→ **Aim of the exercise**
Copy the data precisely, character for character, and leave out every picture.

→ **Provided material**
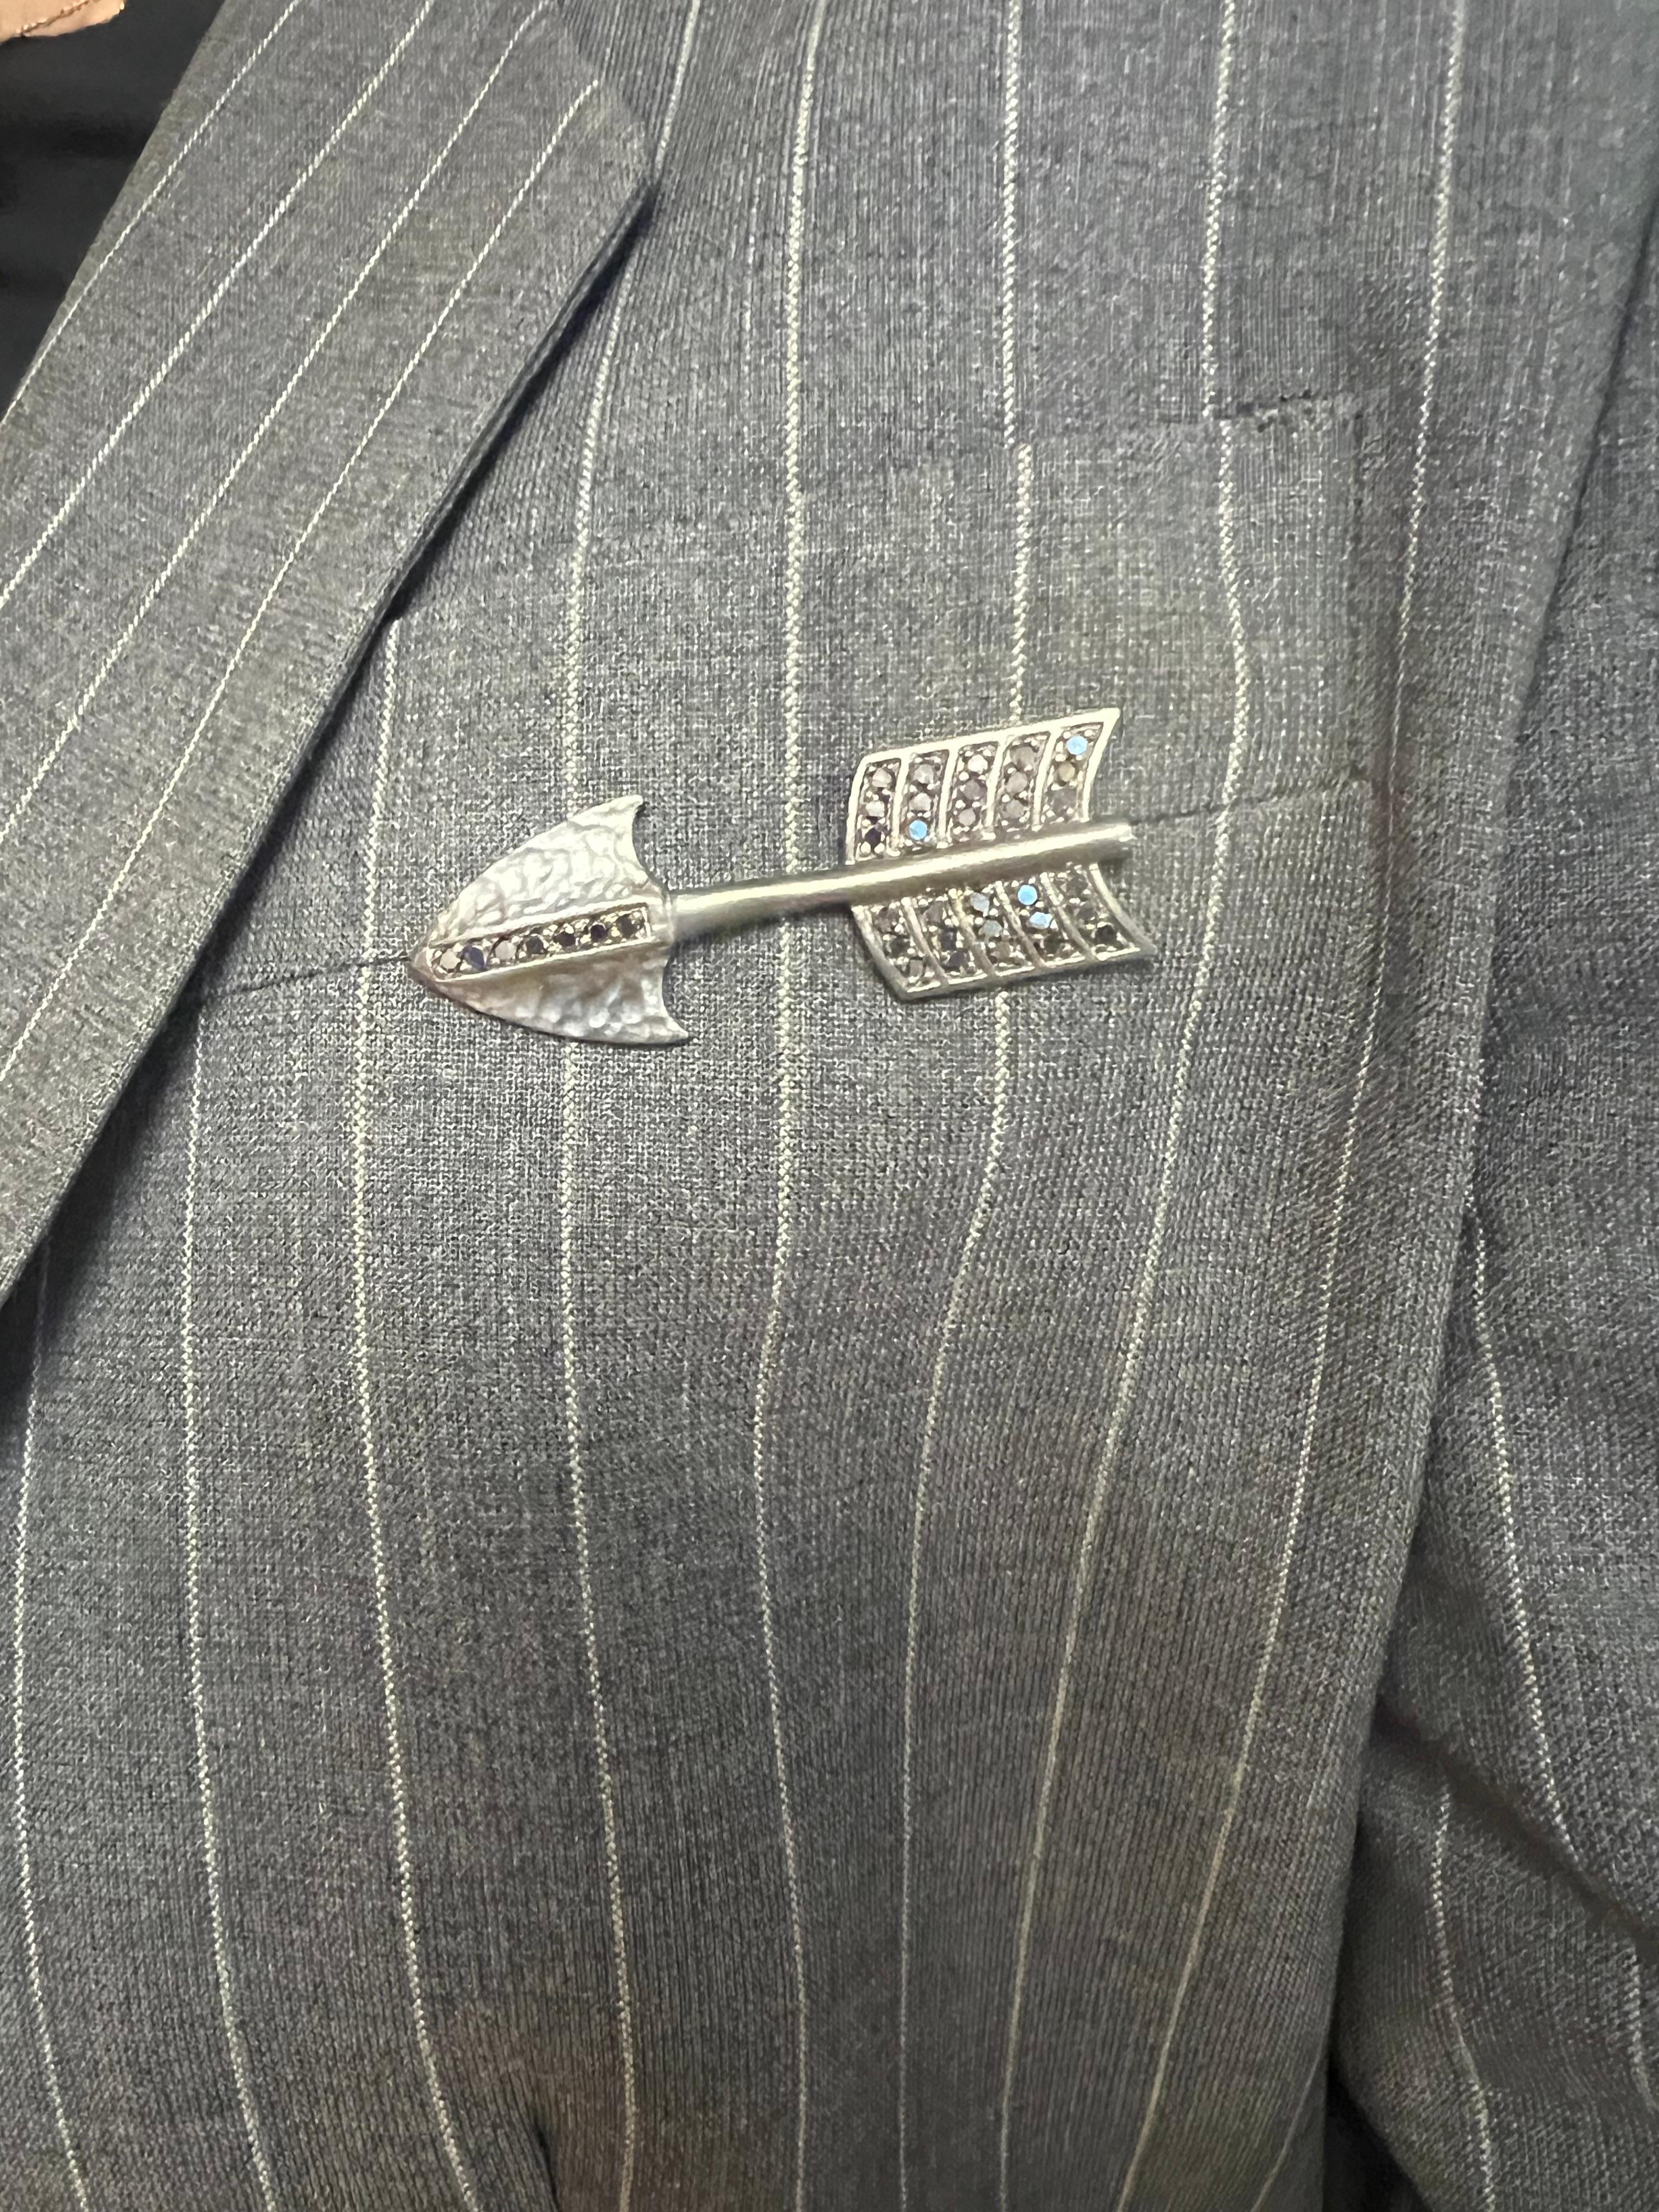 Introducing the epitome of sophistication and bold elegance: the Black Rhodium Sterling Silver Arrow Pin, a timeless accessory that merges strength with refinement. Crafted with meticulous attention to detail, this exquisite pin features a sleek
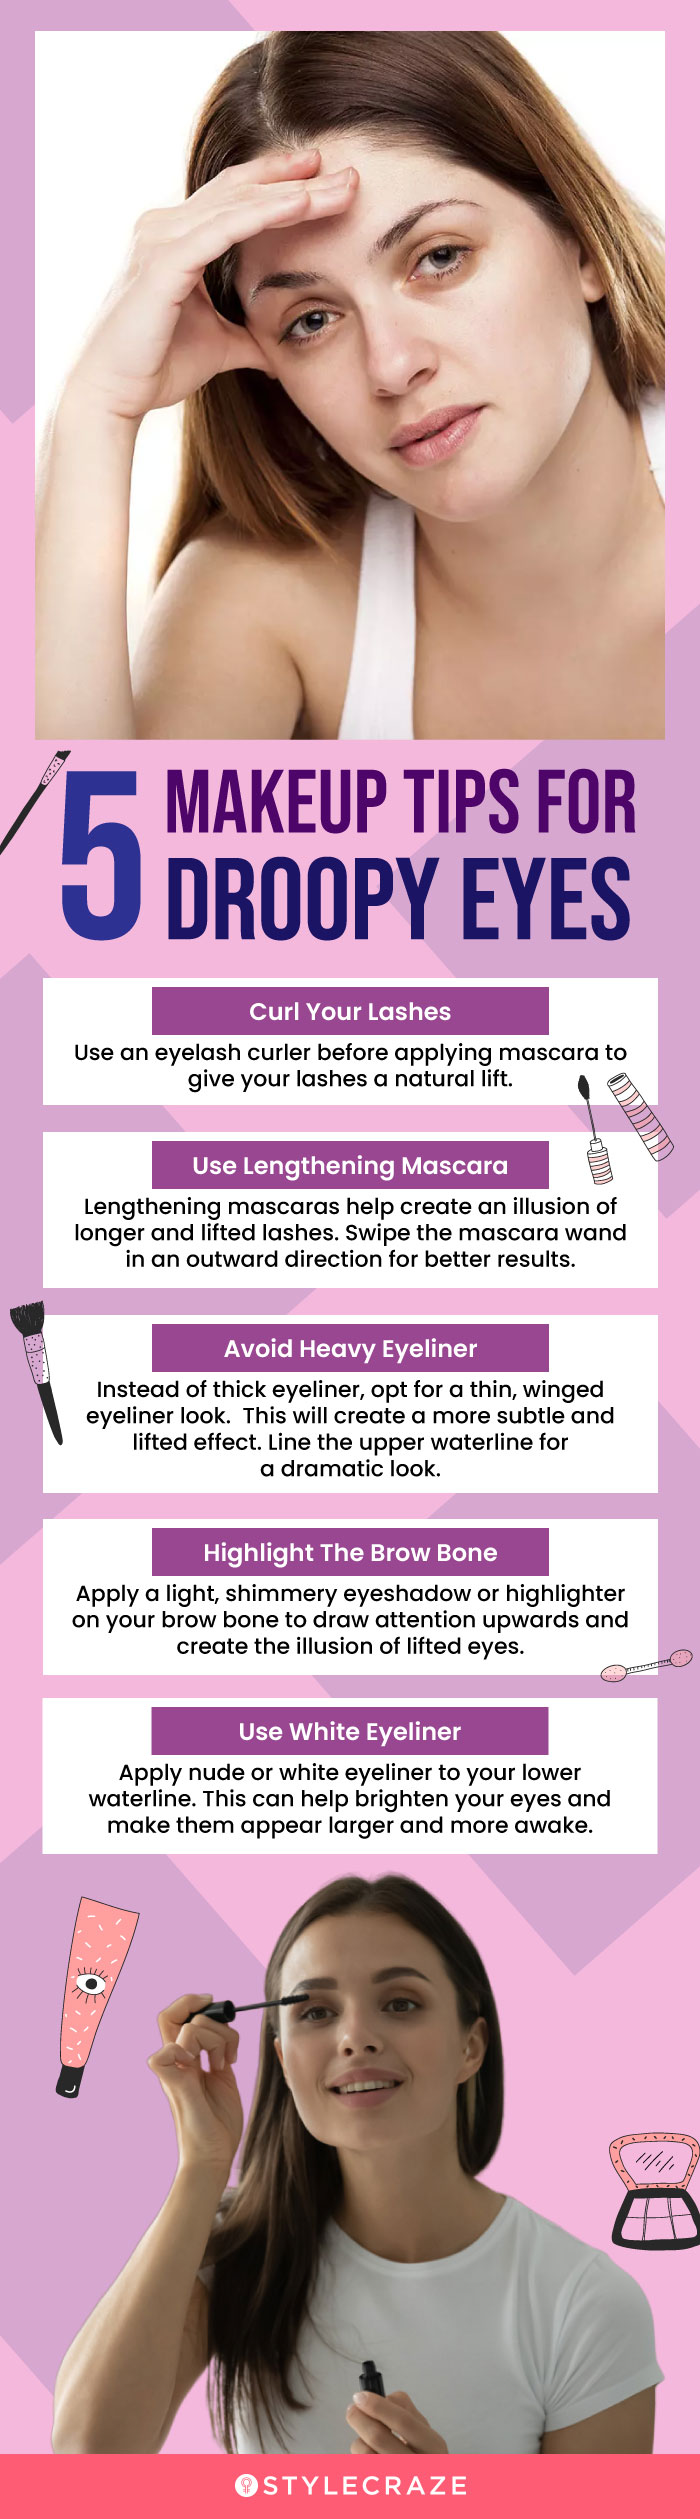 5 makeup tips for droopy eyes (infographic)
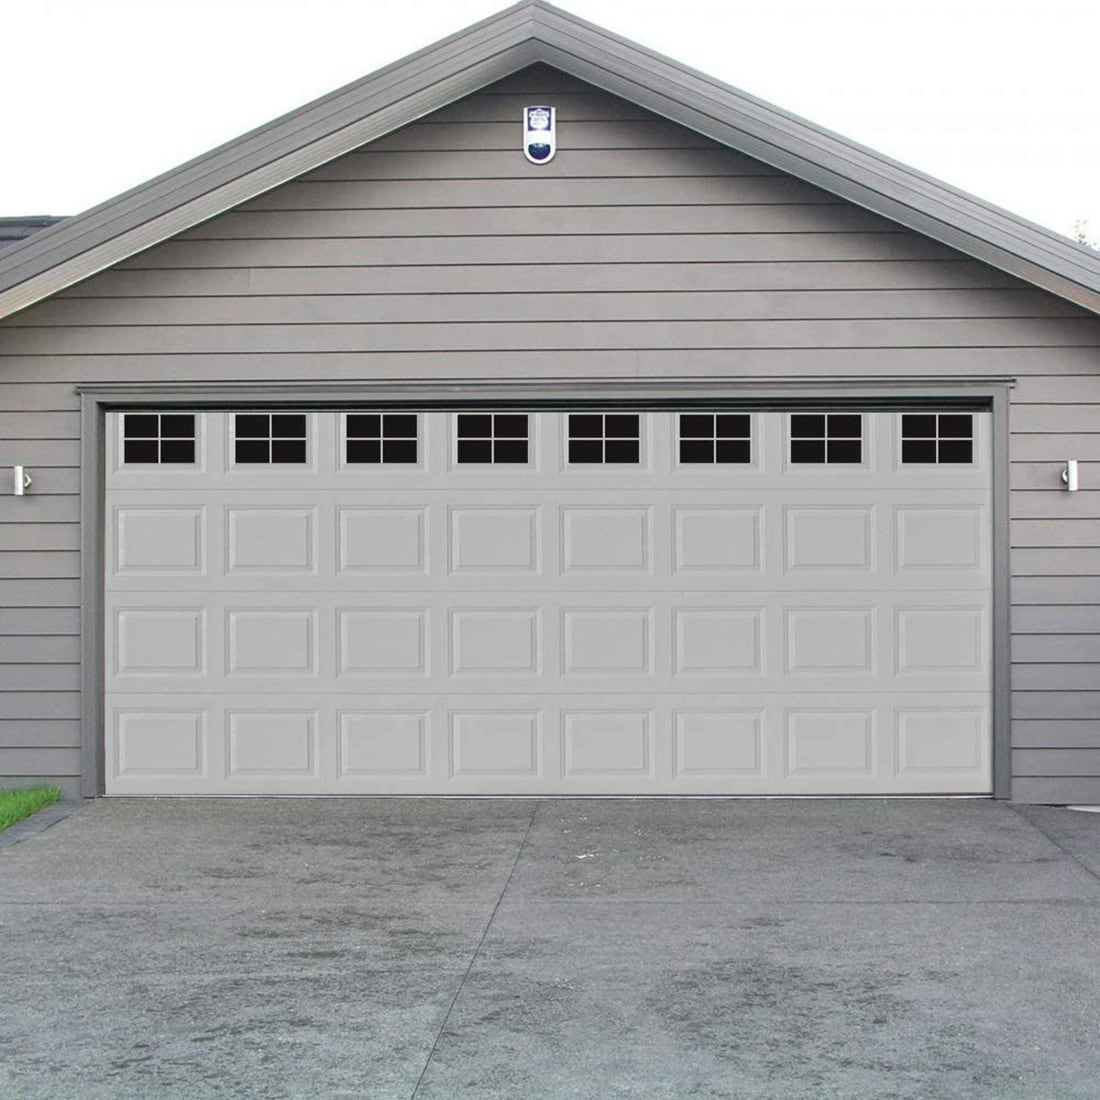 58 clopay Garage door panel replacement lowes Central Cost
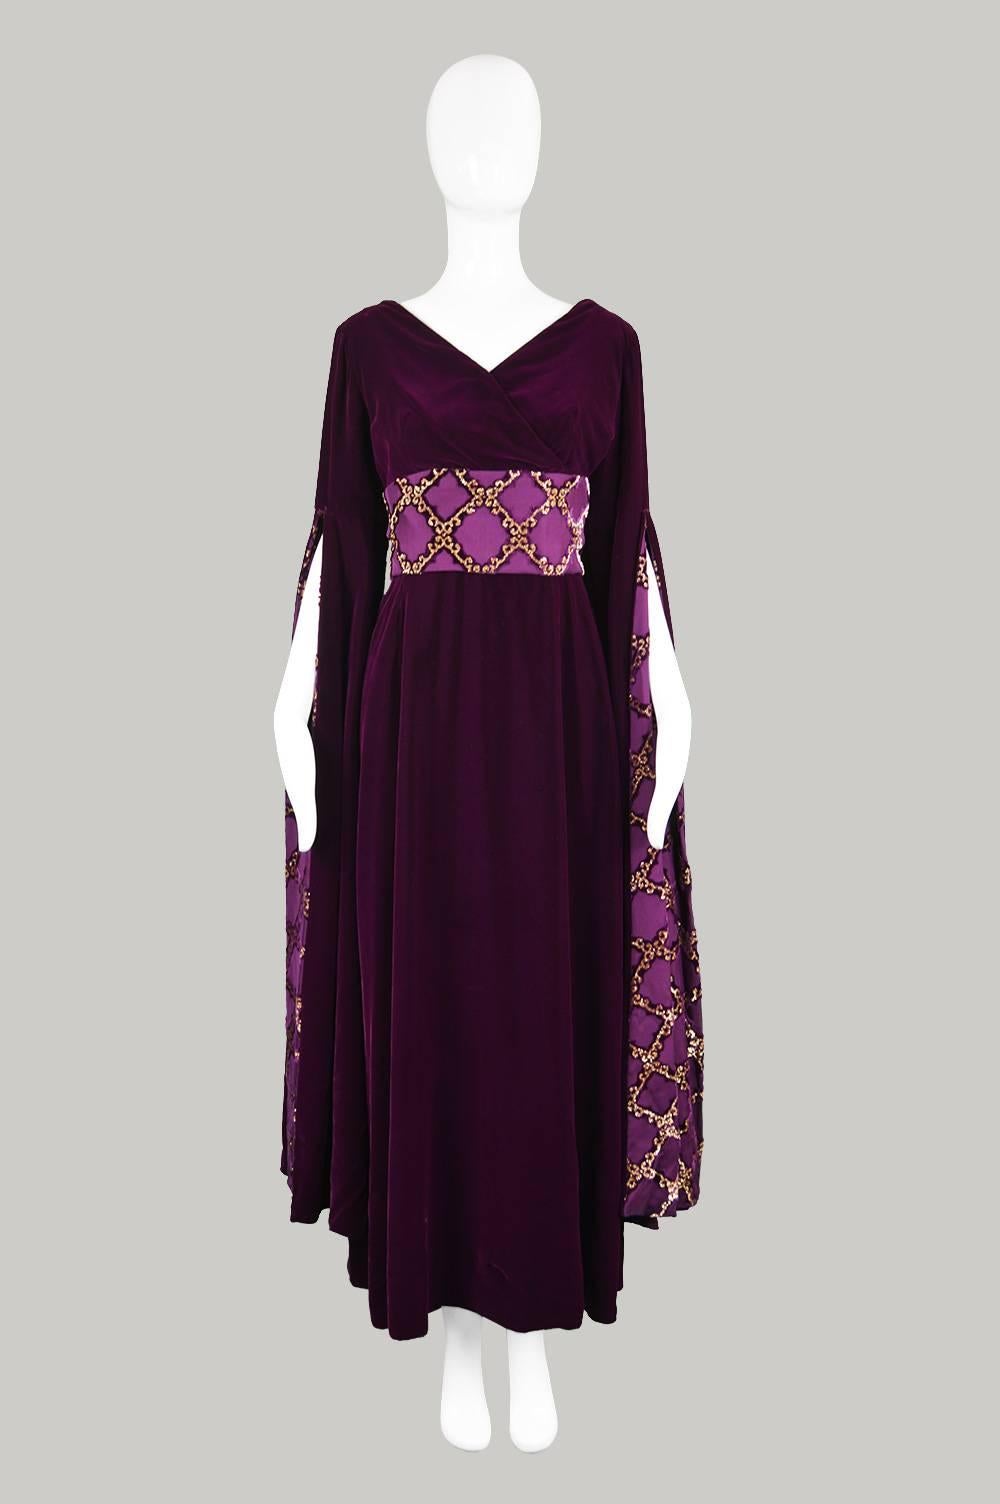 A breathtaking vintage evening dress c.1970, with incredibly long, dramatic sleeves that are lined in a luxurious brocade that create a renaissance/ medieval fairytale inspired look and matches the wide obi belt that hooks around the back creating a

→ **Reply**
 Introducing the epitome of sophistication and bold elegance: the Black Rhodium Sterling Silver Arrow Pin, a timeless accessory that merges strength with refinement. Crafted with meticulous attention to detail, this exquisite pin features a sleek
 5 makeup tips for droopy eyes (infographic)
 58 clopay Garage door panel replacement lowes Central Cost
 A breathtaking vintage evening dress c.1970, with incredibly long, dramatic sleeves that are lined in a luxurious brocade that create a renaissance/ medieval fairytale inspired look and matches the wide obi belt that hooks around the back creating a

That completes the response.